I have two vectors, A and B which I want to compare using the MWU test. Both vectors have the size of 995 with A having a mean and standard deviation of 10.50050 and 2.82287, respectively. The mean and std for B are 10.19397 and 2.87137. The histogram and KDE for the two vectors are as follows. histogram and KDE

All of this would tell me that the distribution of the vectors are very similar, however, MWU (as implemented in Python SciPy) returns a p value of 0.01764, which I deem relatively low.

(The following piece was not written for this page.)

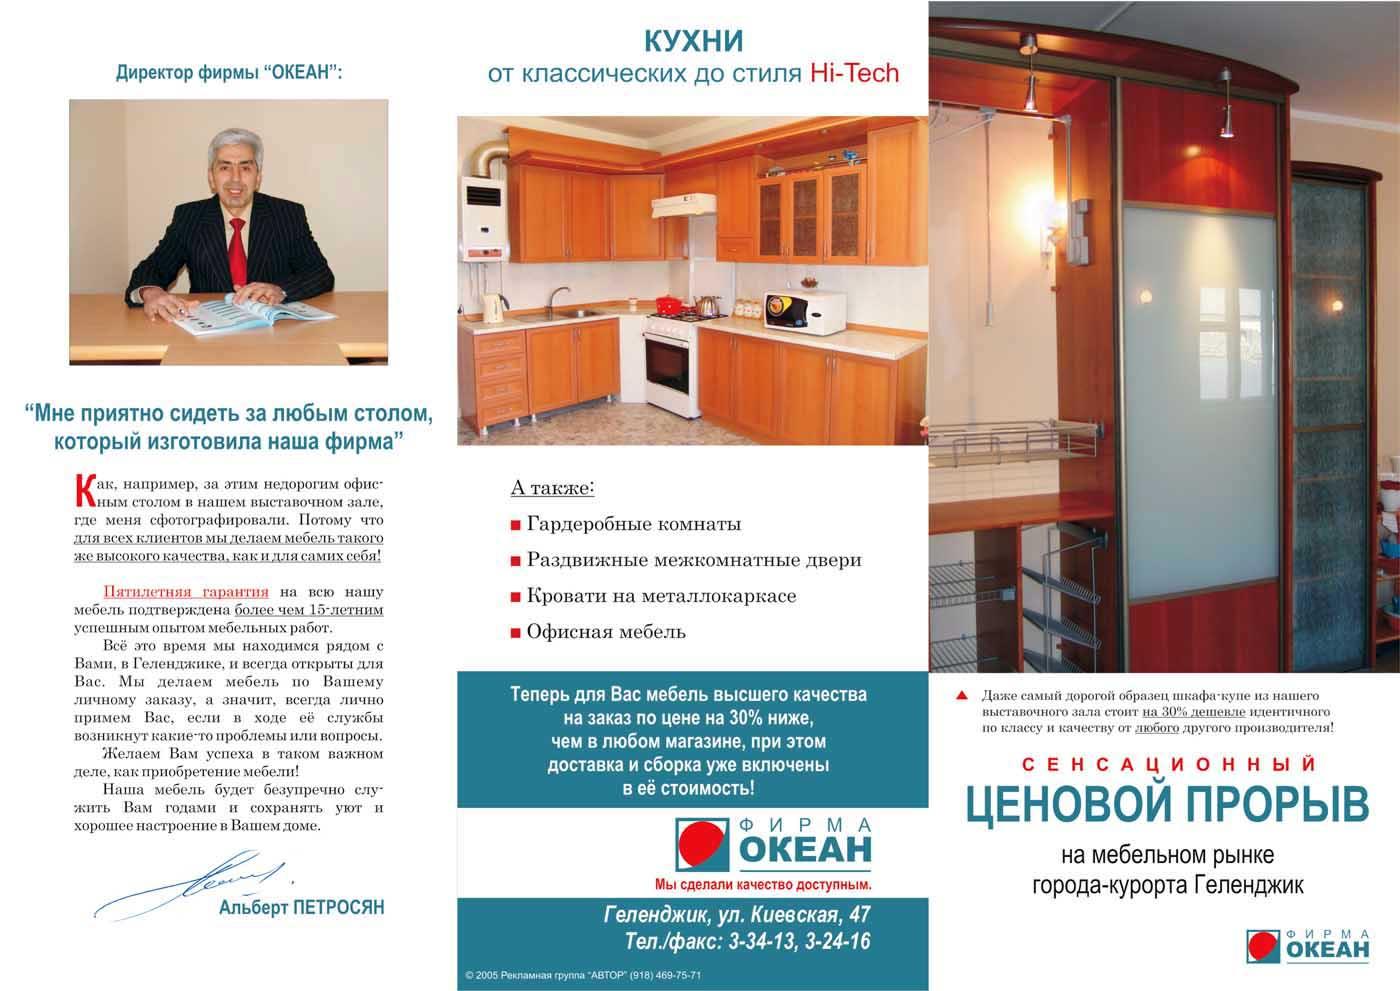 Печатная реклама, Денис Богомолов, мебель «Океан»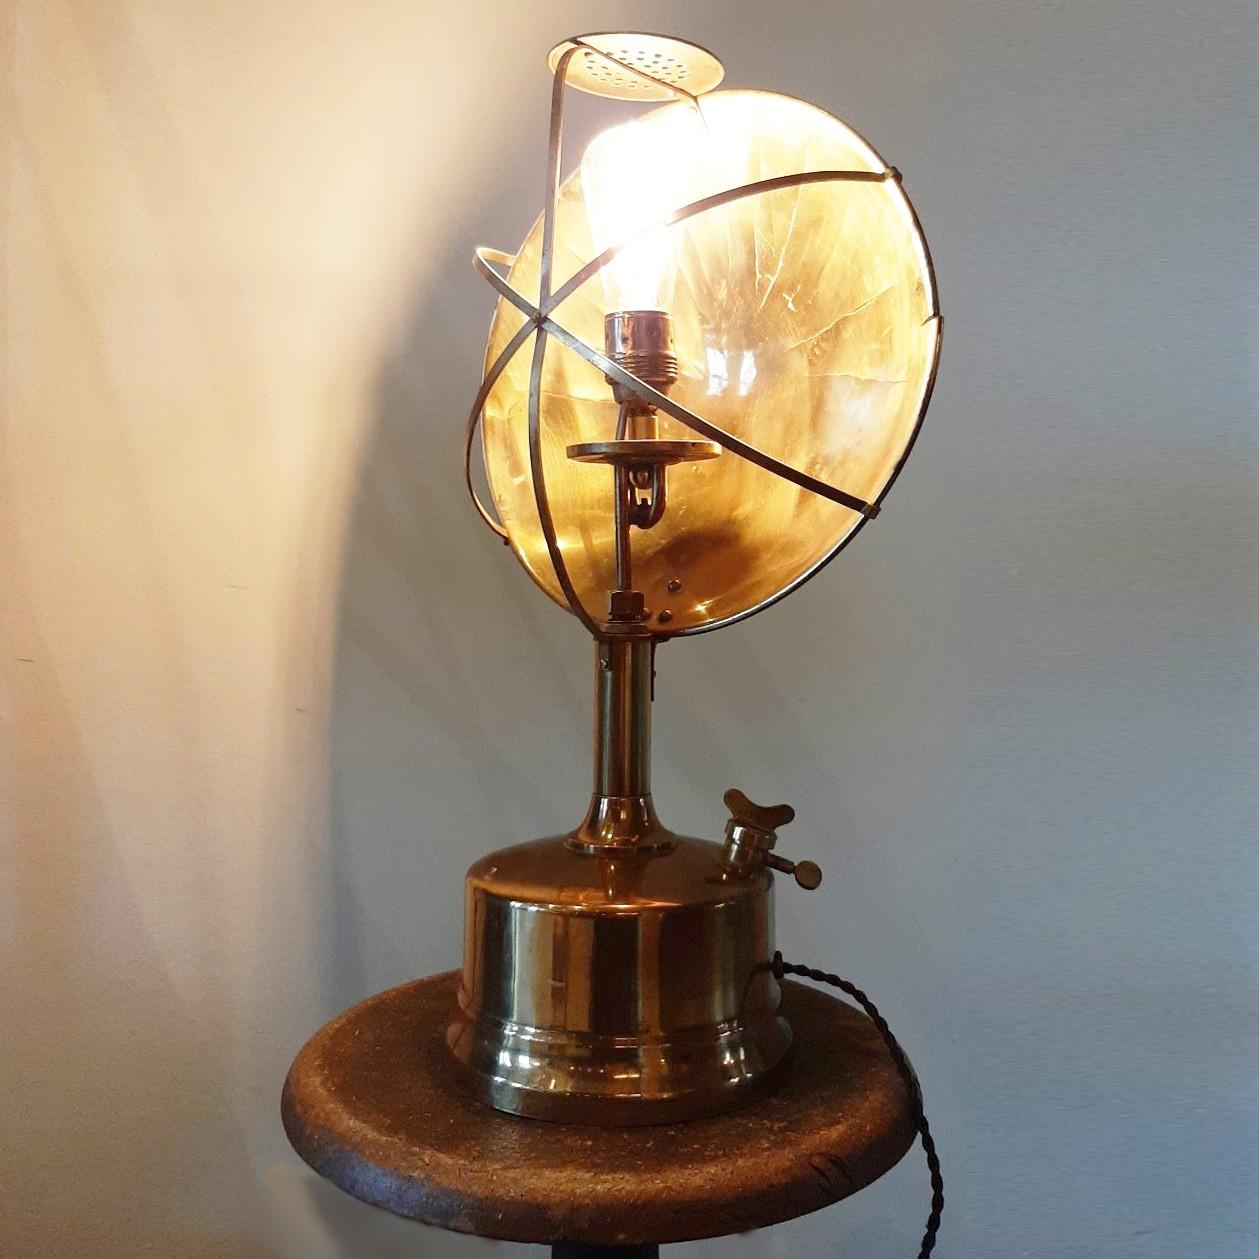 Industrielle Tischlampe aus alten Materialien

Could someone please explain what key concept I'm missing?

Thank you.

hvta
  • 21
  • 3
    You're missing the fact that such tests as these become more sensitive to small effects as the sample size increases. – Galen Mar 18 '23 at 22:27
  • I'm experimenting with SciPy' mannwhitneyu method. The default alternative hypothesis is 'two-sided' which returns the low p value. Once it is set to 'less', the p value is 0.99. – hvta Mar 18 '23 at 22:28
  • None of this is any mysterious. Your sample size is large so a small difference can easily come out significant, but of course only if it is in the direction of the specified alternative. – Christian Hennig Mar 18 '23 at 23:04
  • Could someone please explain what key concept I'm missing? -- sample size. This is addressed in many dozens of questions on site (but about a range of tests; however the reason is the same each time). Briefly standard errors decrease with increasing sample size $-$ almost all common test statistics have standard error that is proportional to $\frac{1}{\sqrt{n}}$ $-$ so when $n$ is very large, even quite small differences are sufficient to be inconsistent with $H_0$. The end. – Glen_b Mar 18 '23 at 23:27
  • 1
    Your histograms have a Moiré pattern. Possibly it is similar to this question/answer. If you change the bin sizes then you might prevent it. – Sextus Empiricus Mar 18 '23 at 23:59
  • 1
    The histograms are very similar but even by eye their lower tails look different. It would be better to overlay the histograms and the densities in the same plot. Also, since the number of observations is the same -- are the observations perhaps paired? – dipetkov Mar 19 '23 at 00:40

2 Answers2

1
  • With many measurements (like 995), small differences may already become significant. A small effect size can still be significant.

    Also a t-test will show a significant difference. The means have a difference of about $0.3$ and the t-statistic is around $2.4$ giving a p-value of around $0.0166$

    Are smaller p-values more convincing?

    Why is "statistically significant" not enough?

  • Btw, the Mann-Whitney U test is not the same as a t-test and can be significant, even when the means are the same (https://stats.stackexchange.com/a/470512/).

    The MWU test is testing whether $P(X>Y) = P(Y>X)$. This is the case when in a PP-plot the curve divides the plane into two equal areas. So, in relation to a MWU test, a PP-plot might be a better way to visualize the difference rather than two histograms.

1

One thing I'd like to add to the answer by @SextusEmpiricus is that a useful statistic to report when using an Wilcoxon-Mann-Whitney test is one that reports the probability that an observation in one group being greater than an observation in the other group.

There are several variants of this statistic. Reporting the probability, two are Vargha and Delaney's A and Grissom and Kim's probability of superiority.

These can be transformed to a -1 to 1 scale, like an r value. Examples are the Glass rank biserial coefficient and Cliff’s delta.

I don't know if any of these are available in Python, but they are relatively easy to compute.

My suspicion is that you will find these effect size statistics suggest there is just a small difference in the stochastic dominance between these two distributions.

Sal Mangiafico
  • 11,330
  • 2
  • 15
  • 35